→ Work order
Could you please retype all of the records exactly, skipping any pictures?

→ Extracted information
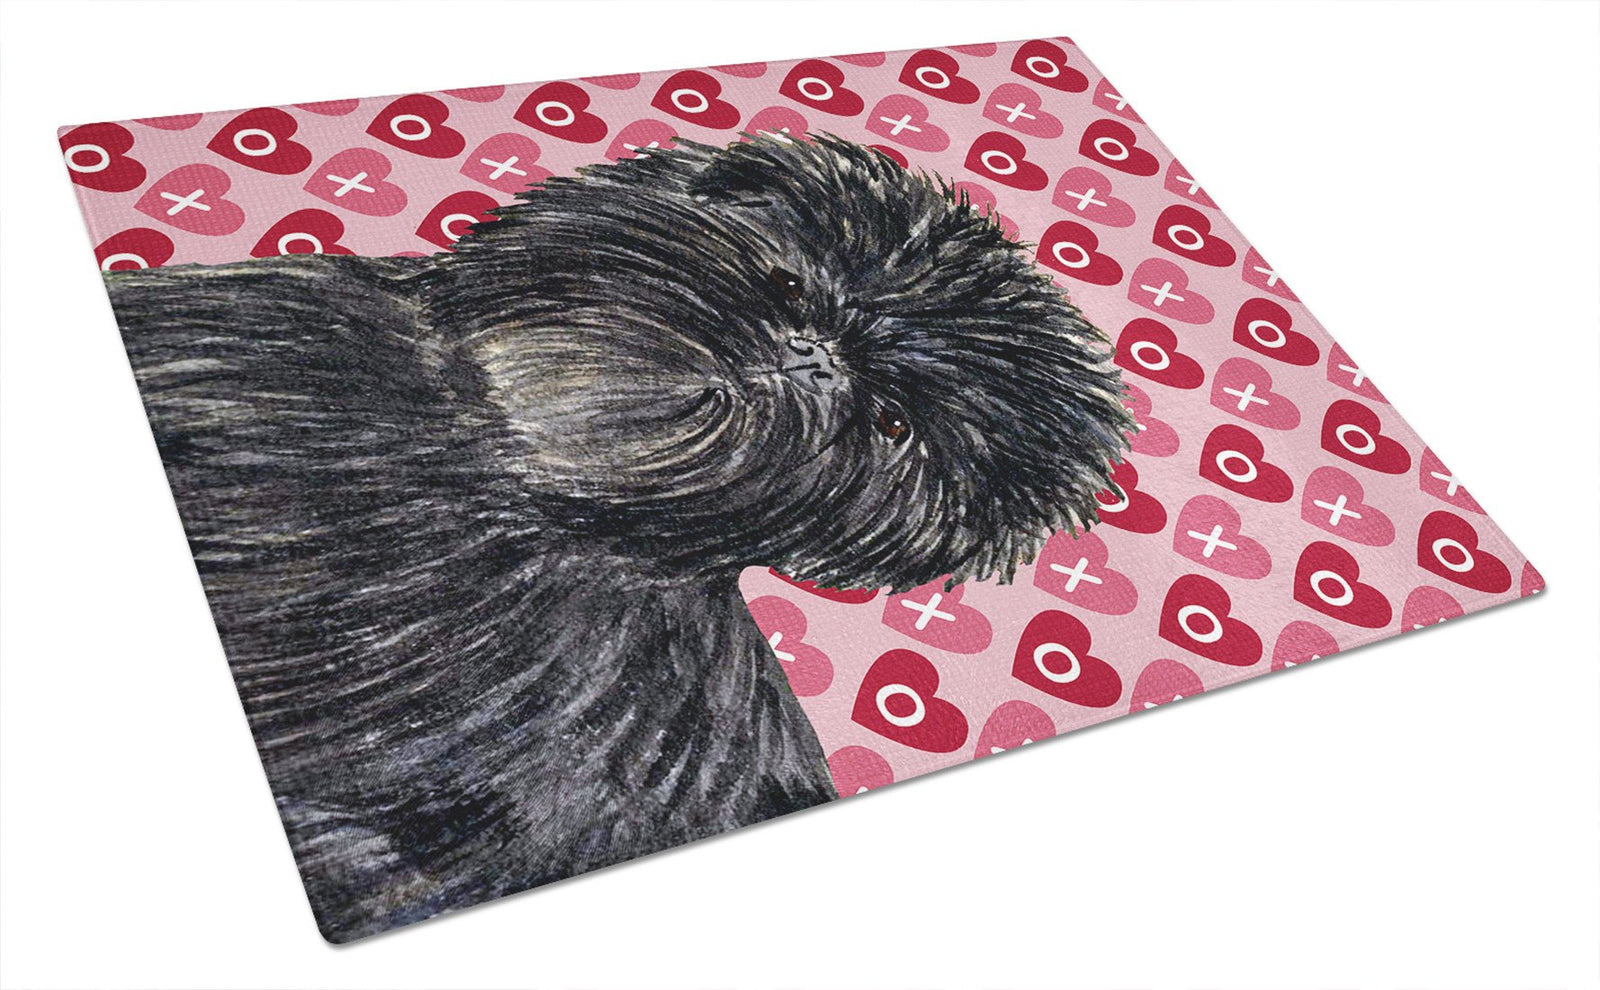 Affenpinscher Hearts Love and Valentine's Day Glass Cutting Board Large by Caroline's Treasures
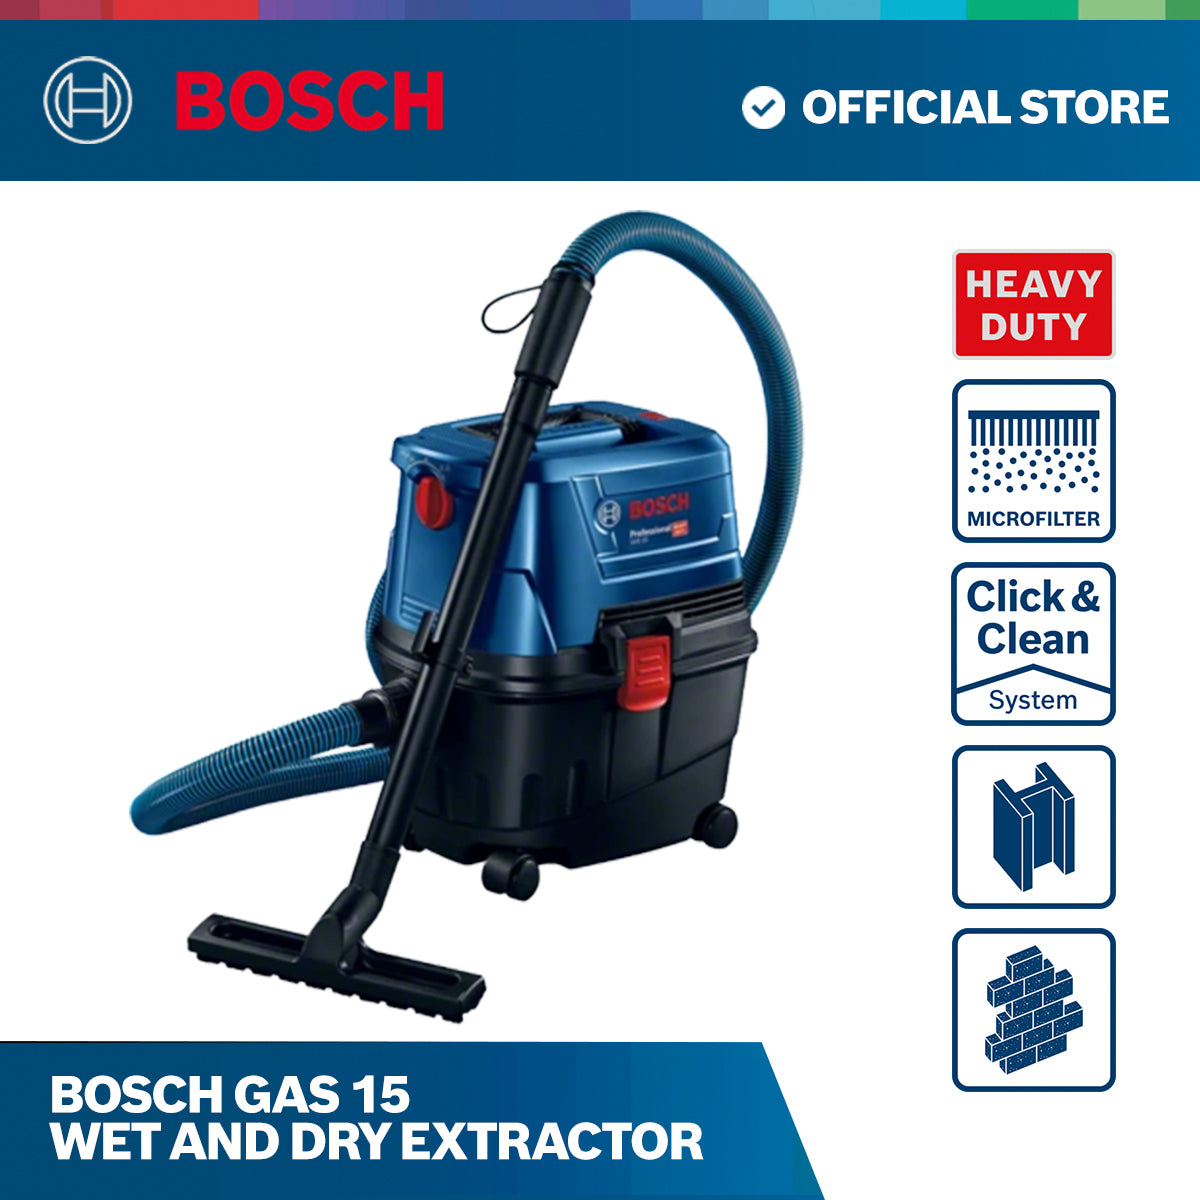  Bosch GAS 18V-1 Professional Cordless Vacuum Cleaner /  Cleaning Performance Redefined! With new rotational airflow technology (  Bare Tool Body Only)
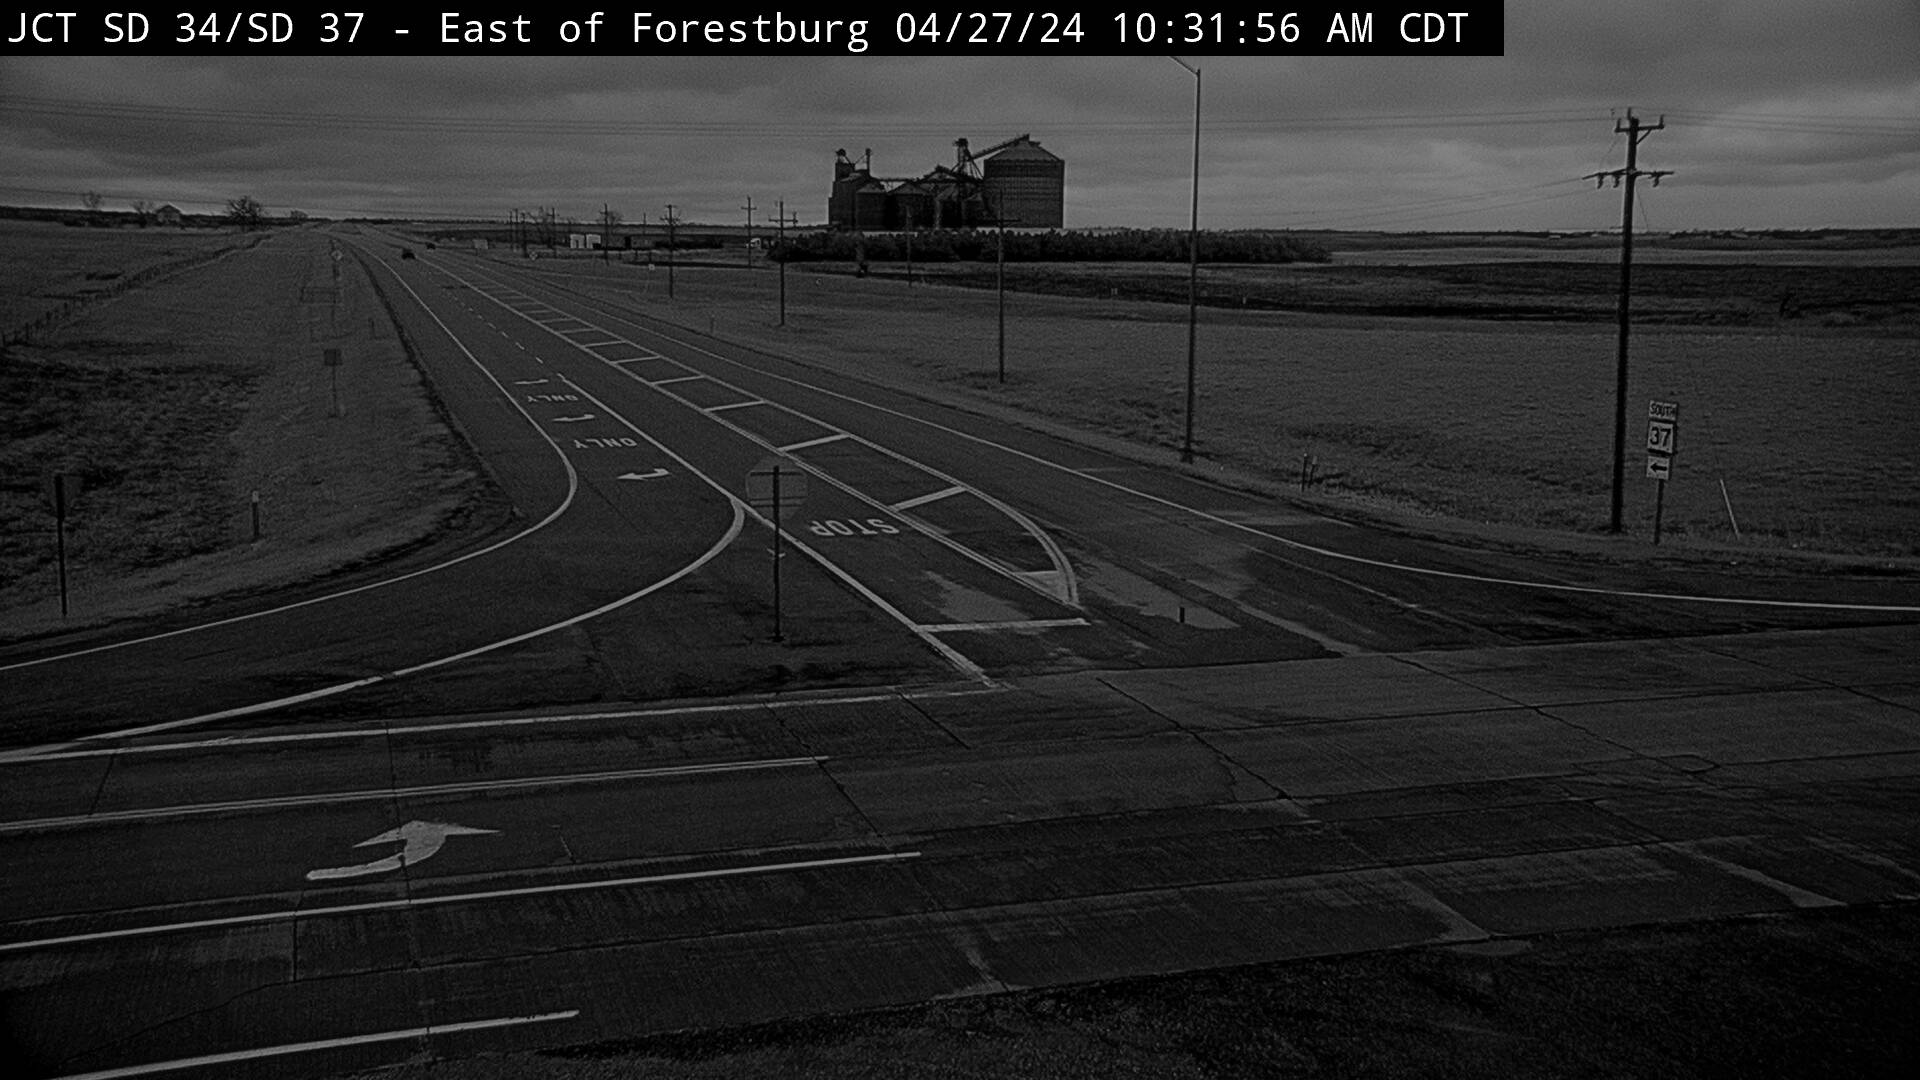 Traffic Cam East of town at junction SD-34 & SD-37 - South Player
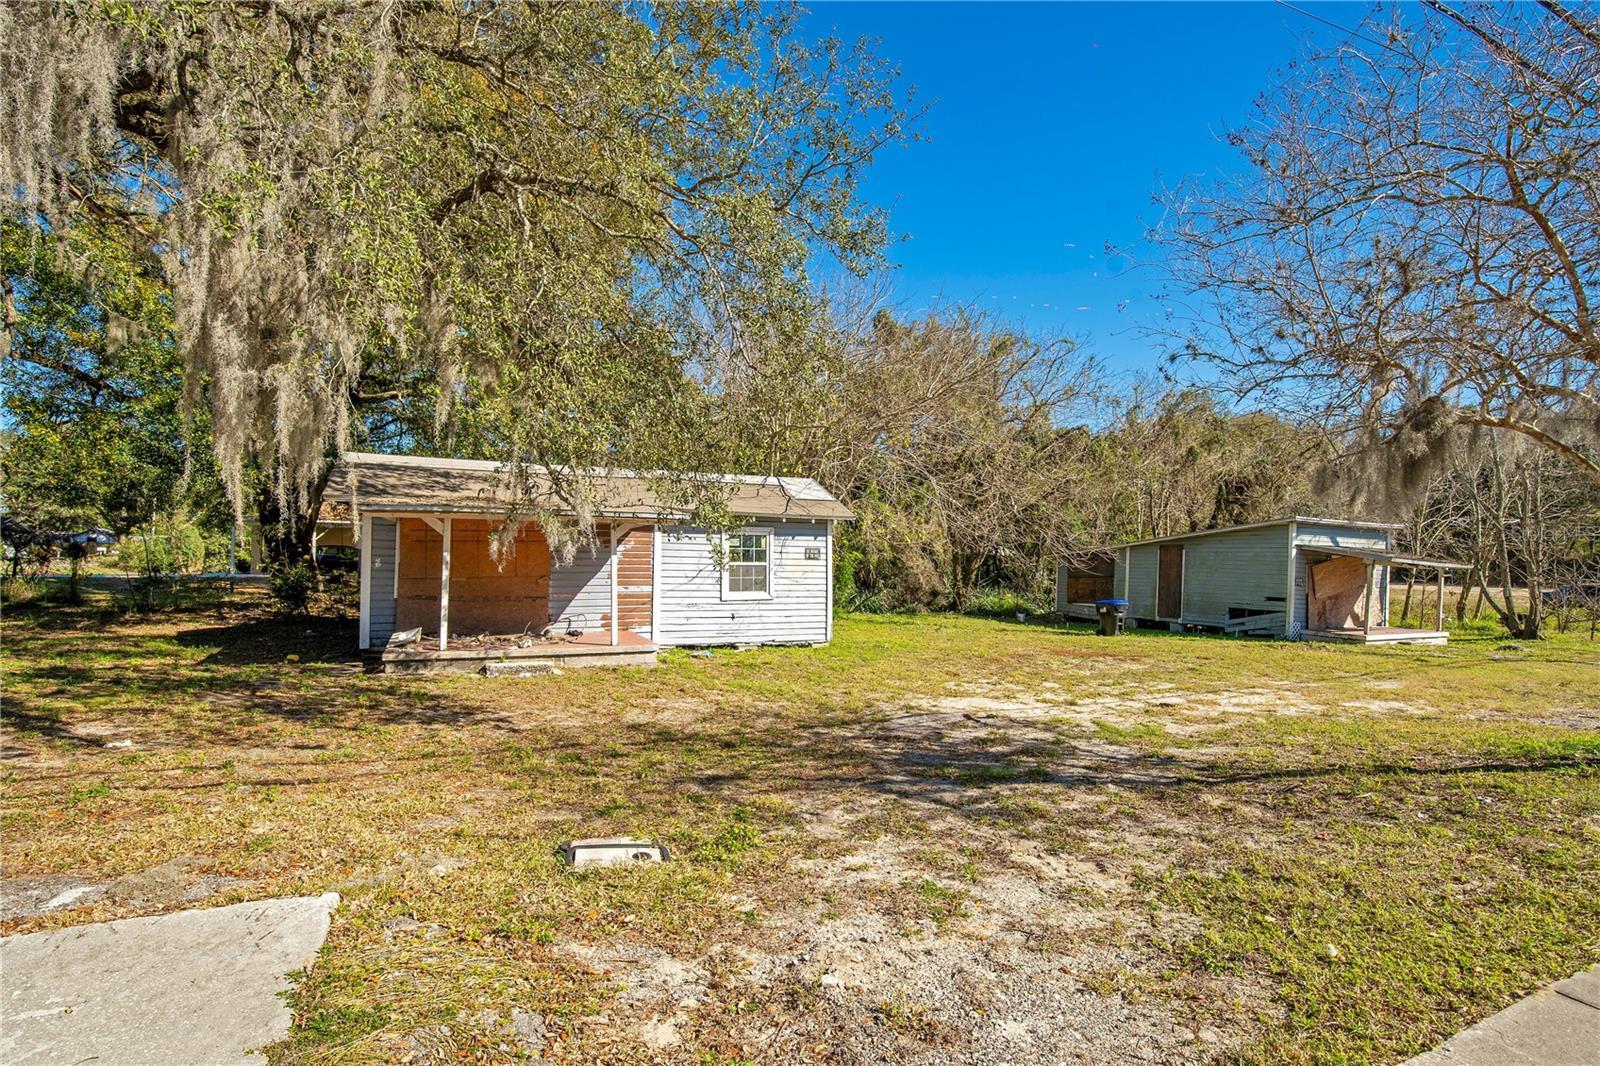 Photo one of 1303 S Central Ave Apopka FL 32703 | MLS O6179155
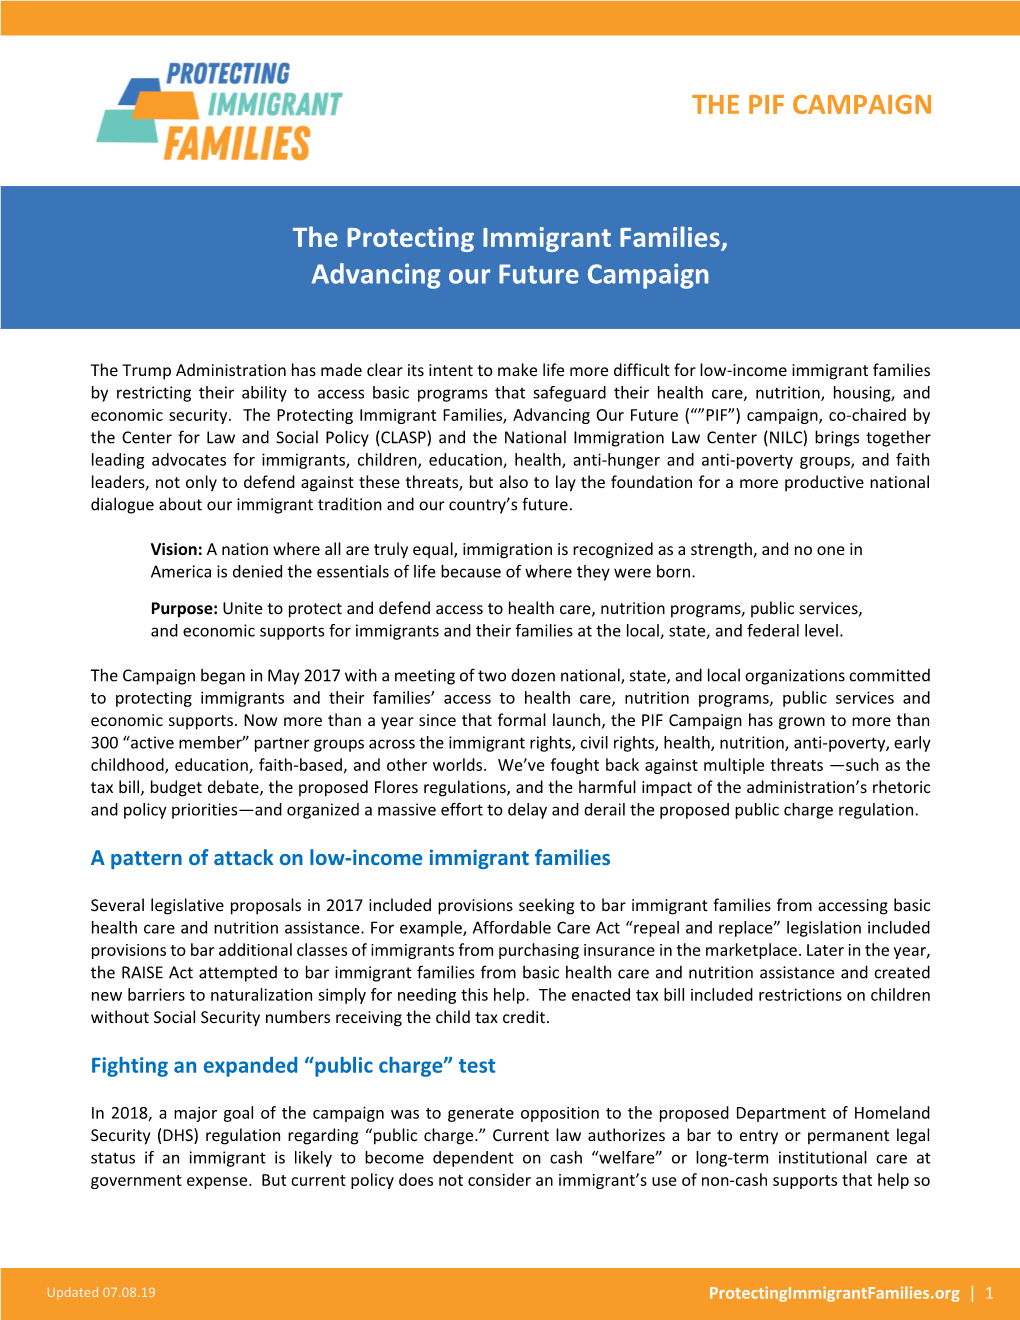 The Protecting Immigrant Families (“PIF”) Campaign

→ Response below
 Affenpinscher Hearts Love and Valentine's Day Glass Cutting Board Large by Caroline's Treasures
  Bosch GAS 18V-1 Professional Cordless Vacuum Cleaner /  Cleaning Performance Redefined! With new rotational airflow technology (  Bare Tool Body Only)
 Traffic Cam East of town at junction SD-34 & SD-37 - South Player
 Photo one of 1303 S Central Ave Apopka FL 32703 | MLS O6179155
 The Protecting Immigrant Families (“PIF”) Campaign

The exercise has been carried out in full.